Lee used the phone on the credenza behind Mae’s rosewood desk and was just hanging up from making his excuses to John Danson in Twilight, when Mae entered the room.
She needed no preamble to get to the point. “I’ve seen this show you’re involved in. A neighbor made a tape and sent it over. We don’t get public television channels out here unless we have one of those fancy satellite dishes, which we don’t. So I hadn’t seen it until last night.” Her dark eyes, holding his, narrowed. “I didn’t know what to expect. I knew you’d won some awards with it, but—” she took a breath “—I wasn’t prepared to be so proud of you. You did a really fine job with those people trying to get back on their feet after being flooded out of their houses last year. Showed the good and the bad, and that even in terrible times, people can still find things to laugh about I liked it.”

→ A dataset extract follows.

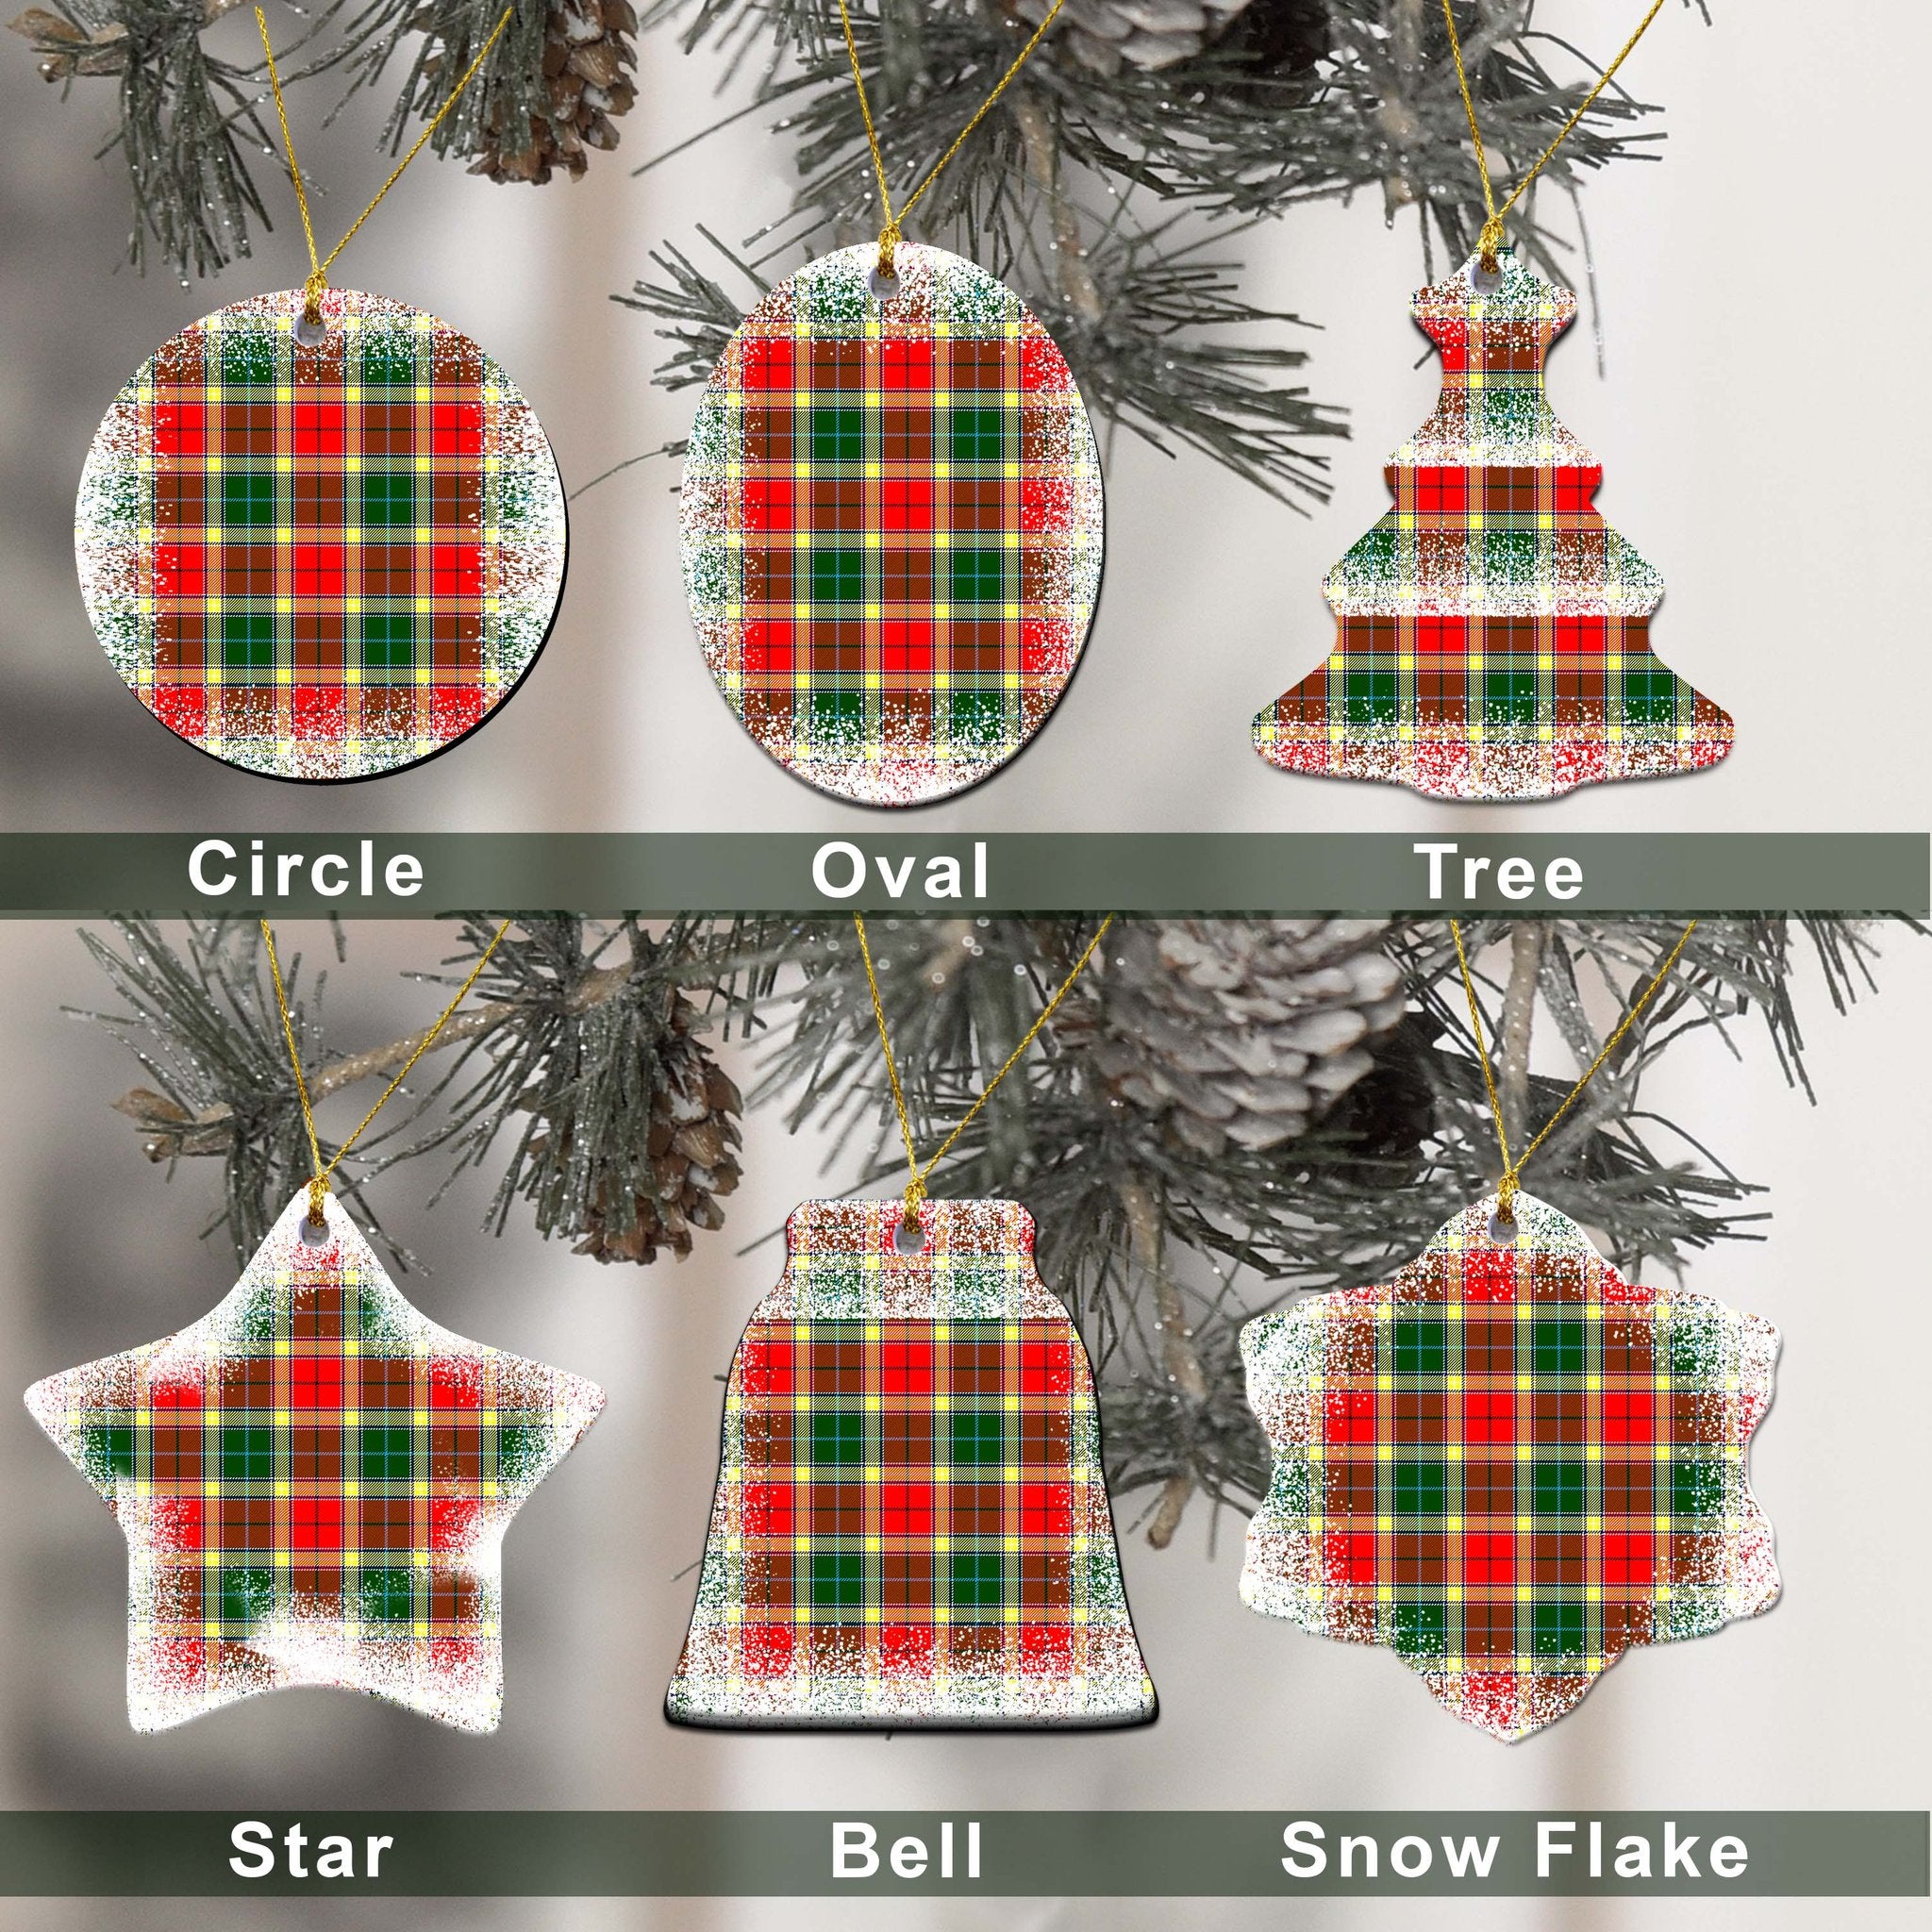 Gibson Tartan Christmas Ceramic Ornament - Snow Style

Lee had never received a compliment from Mae. She’d approved of his seemingly inborn ability to handle a horse and a rope and the fact that he’d held his ground in tight situations with an ornery cow. But she’d never gone so far as to actually tell him he’d done well. He was surprised by how good it made him feel. He smiled broadly. “Thank you, Mae. But it wasn’t just me. Diane and Manny—”
“I like them, too.”
“Not all of our shows are so serious,” he cautioned.
“I know. I saw the one about the ostrich farmer. It was silly, but the youngsters enjoyed it. They learned
something, too.” She paused, then said, “That brother of yours. What’s he up to now?”
“He’s a lawyer with a big firm in Dallas.”
“No, I mean what’s he really up to? I know what he does for a living.”
“He’s working on marriage number four.”
Mae shook her head in disgust. “Your momma spoiled him. She tried to spoil you, too, but your daddy sent you out here. We took out of you in about five minutes.”
Lee grinned. “So that’s what you were doing. I thought I was going through boot camp for cowboys!”
“Cowboys don’t go to boot camp!”
“I know that...now.”
Mae smiled in spite of herself, and as they returned to the living room, she allowed Lee to place his arm around her shoulders.
“The Parker charm,” Mae said as she resumed her seat. “You have it in spades. Like you have the look, except for those pale eyes.”
All Lee’s life his eyes had set him apart from his dark-haired, dark-eyed father, brother and cousins. His mother had mentioned something about having a great-grandfather from Denmark, but he’d never met the man.
“Never you mind,” Mae murmured, as if offering comfort for an ongoing disappointment. “They look good on TV.”
Which tickled Lee so much he couldn’t help laughing. And without fully knowing why, the others joined in.